That looks better. Now we can recreate this model in lm defining an object that we can use to predict values and define derivatives. Since we have a smooth function now we can use a very small interval to calculate the derivatives, for example 0.5 hours. We also don’t have to worry about not having derivative values at the first or last datapoints.

X_t <- lm(X ~ splines::bs(x = t, df = 4), 
          data = cell_growth %>% 
            rename(X = `Cell Concentration (g/L)` , t = `Time (h)`))
# NOTE: I had to change the names of the columns here because the spaces and parentheses were F-ing things up with predict
delta_t <- 0.1
# remember predict uses data frames to define variable names
t_new <- data.frame(t = cell_growth$`Time (h)` - delta_t)
#without the renaming step the following was returning all TRUE because predict defaults to using the data passed to lm, so when it didn't recognize the variable names it was using the default data
predict(object = X_t) == predict(object = X_t, newdata = t_new)

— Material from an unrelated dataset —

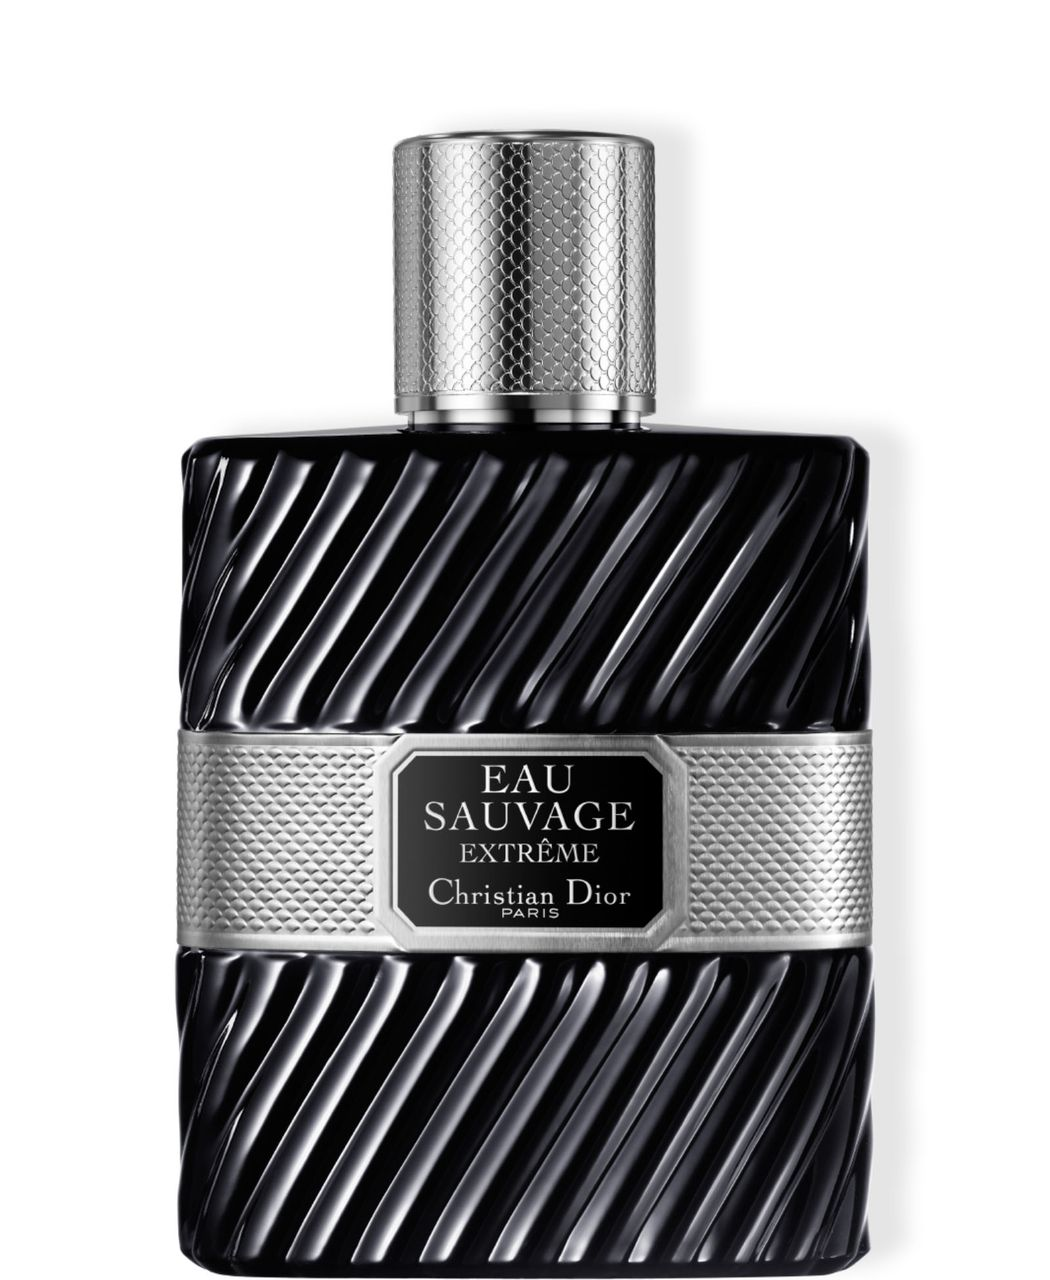 Dior EAU SAUVAGE EXTRÊME EAU DE TOILETTE SPRAY 20 ml F20 ...

## Warning in splines::bs(x = t, degree = 3L, knots = 26.5, Boundary.knots = c(0,
## : some 'x' values beyond boundary knots may cause ill-conditioned bases

##     1     2     3     4     5     6     7     8 
## FALSE FALSE FALSE FALSE FALSE FALSE FALSE FALSE

cell_growth %>% 
  mutate(dX_dt  = (predict(X_t)  - 
                     predict(X_t, t_new))/delta_t) ->
  cell_growth

## Warning: There was 1 warning in `mutate()`.
## ℹ In argument: `dX_dt = (predict(X_t) - predict(X_t, t_new))/delta_t`.
## Caused by warning in `splines::bs()`:
## ! some 'x' values beyond boundary knots may cause ill-conditioned bases

OK! So now we have \(dX/dt\) values. Now we can calculate \(\mu\) values, by dividing \(dX/dt\) by \(X\). I’m also going to fix the column names so we don’t run into any more issues.

cell_growth <-
cell_growth %>% 
  rename(t = `Time (h)`, 
         X = `Cell Concentration (g/L)`, 
         S = `Glucose Concentration (g/L)`) %>%
  mutate(mu = dX_dt / X)

Now that we have our \(\mu\) values we can figure out how to model the Monod equation so that we can find values for the \(\mu_{max}\) and \(K_S\) for these cells and media with glucose as a limiting substrate. Because the Monod equation is very nonlinear one of the easiest ways to find parameters for this equation is to linearize it by algebraic manipulation. \[\mu = \frac{\mu_{max}S}{K_S + S}\] To linearize here we will multiply by \(K_S + S\) \[(\mu*K_S) + (\mu*S) = \mu_{max}S\] and then to get this into a convenient form of \(y = mx + b\) (so we can calculate y and x values using our data table) we can subtract \(\muK_S\) and divide by \(S\) to yield: \[\mu = - K_S\frac{\mu}{S} + \mu_{max}\] This is called the Eadie-Hofstee linearization. So if we plot \(\mu\) vs \(\mu/S\) and find the slope and intercept of a regression model the slope will be \(-K_S\) and the intercept will be \(\mu_{max}\).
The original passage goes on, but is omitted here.